Barnard is also well-known for its militantly feminist student body. And despite the fairly normal sex ratio, Columbia-Barnard has one of the most open and active gay communities in North America.
Cornell
Officials of Cornell University are proud that when the school was founded in 1865, it became the first co-educational university in the country.
That, however, does not mean that Cornell's nearly 9000 undergraduates are divided equally. The male-female ration is about two to one, and Walter A. Snickenberger, dean of admissions and financial aid, says he wrestled the ratio down from three-to-one over the last 20 years.
In the school of arts and sciences--where co-education from a Harvard perspective perhaps counts the most--Cornell boasts nearly a one-to-one ratio amount about 3600 students. The slight majority belongs to the women.
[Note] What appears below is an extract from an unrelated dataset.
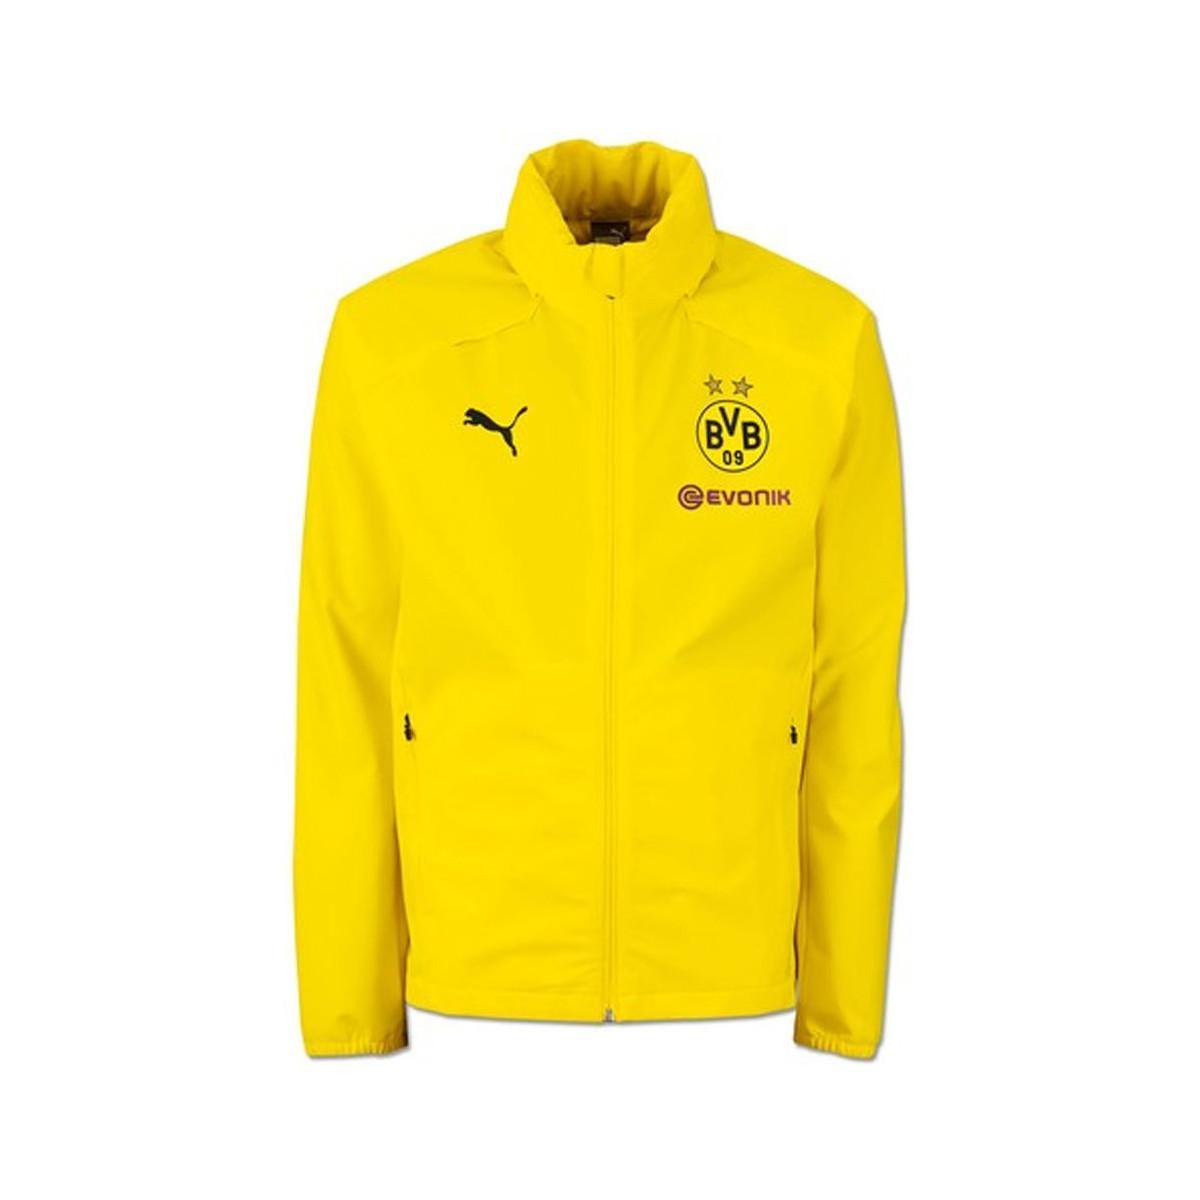 6c64e77c0208 PUMA 2018-2019 Borussia Dortmund Rain Jacket - Kids Men s Tracksuit ...

What tips the scales in the undergraduate ratio is the predominance of males in the colleges of Agriculture and Life Sciences, of Engineering, of Hotel Administration, of Industry and Labor Relations, and of Architecture. The combined population of these schools is around 1500 students, with a three-to-one, male-dominated ratio.
Snickenberger's efforts might seem to be a token campaign to recruit women in these schools, but he bridles at the suggestion that quotas be set for female acceptances or that admissions be "slanted" in favor of women.
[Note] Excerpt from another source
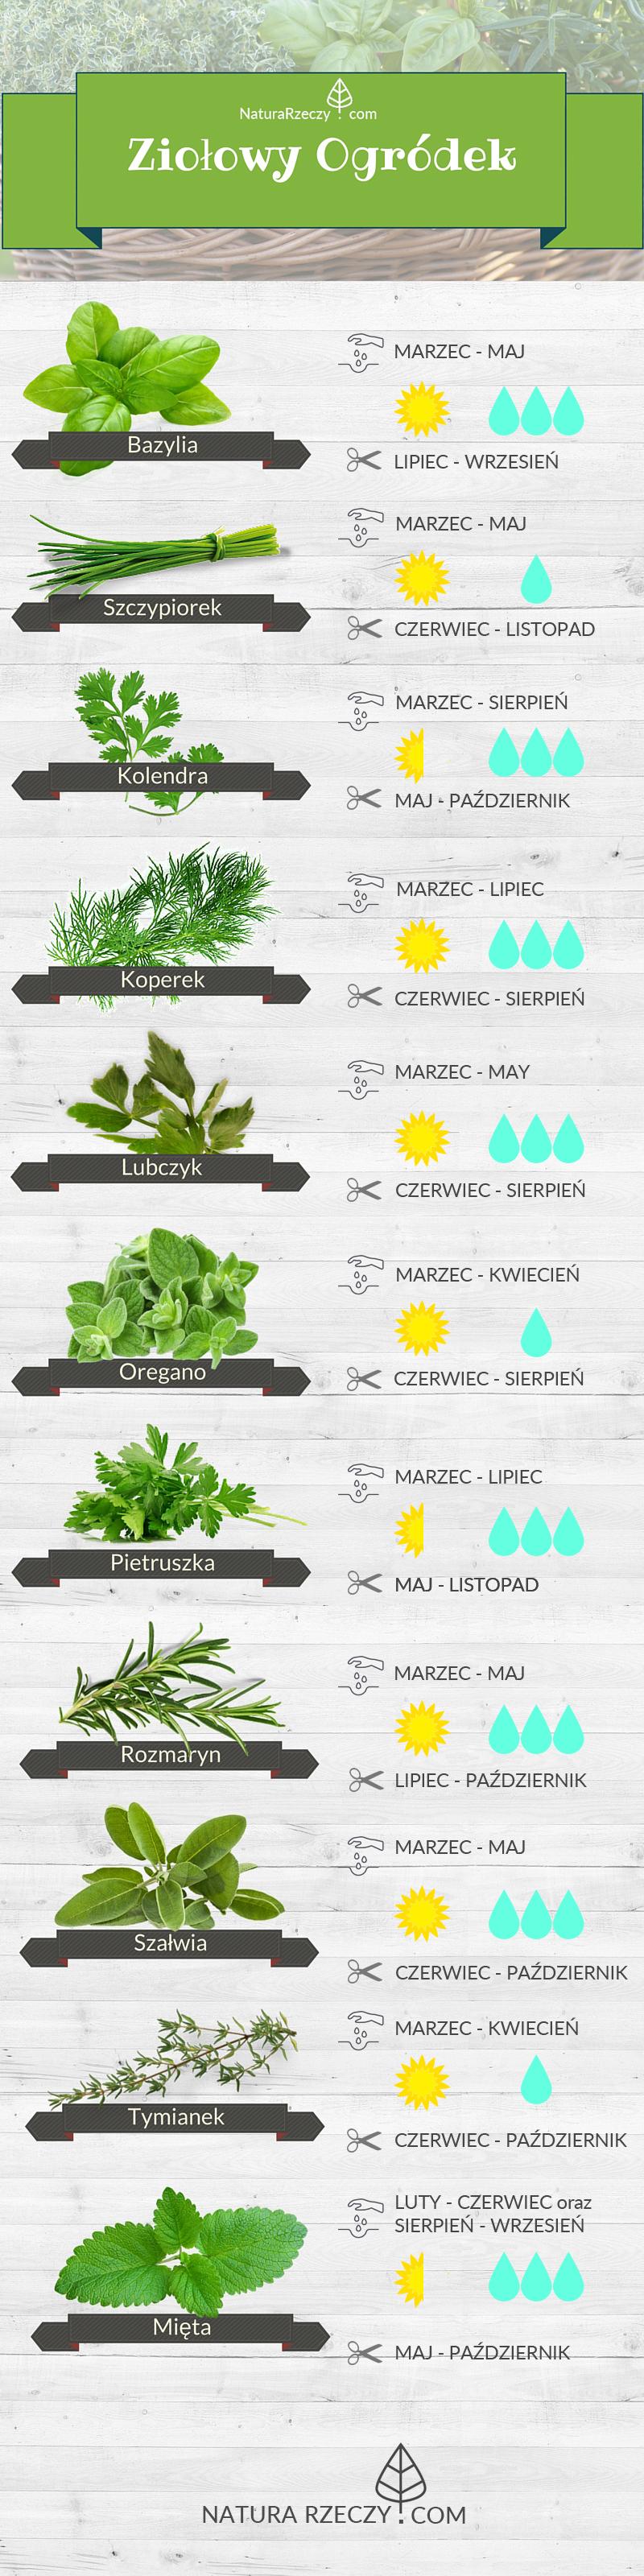 Ikonografika Ziolowy Ogrodek Growing Vegetables Magical Garden Vegetable Garden

"We don't admit inferior girls simply to have more girls on campus," he says.
Elaine S. Povich, news editor of the Cornell Daily Sun and a senior, says that co-education hasn't been a big issue in Ithaca, N.Y., since women last year lobbied for and won the right to use the more splendid of the two athletic facilities--which was, naturally, the men's.
Nonetheless, Cornell harbors a chapter of the National Organization of Women and an active Women's Community Center.
Just because women can play basketball in the men's athletic facility two days a week doesn't mean the Bg Red have progressed that much, but Cornell got its progressive headstart 109 years ago.
Dartmouth
Even Dartmouth, the most staunchly male of all the Ivy League schools, went co-ed two years ago, although its reasons were more financial than ideological. Faced with increasing deficits and decreasing popularity, the Dartmouth trustees decided in 1972 to go to a year-round academic calendar and to increase the size of the student body from 800 in a class to about 1000 per class by adding women.
Although the male-female ratio in the first co-ed class was an overwhelming ten-to-one, Dartmouth's alumni still did a lot of kicking and screaming about the presence of women on campus.
The storm has pretty much died out by now, although a die-hard core of alumni and members of Dartmouth's originally all-male senior class remain irrevocably opposed to co-education. And Dartmouth is likely to remain a male-dominated institution. It has a vice president for womens' affiars and the male-female ratio has crept up to four-to-one, but is likely to remain there for the foreseeable future.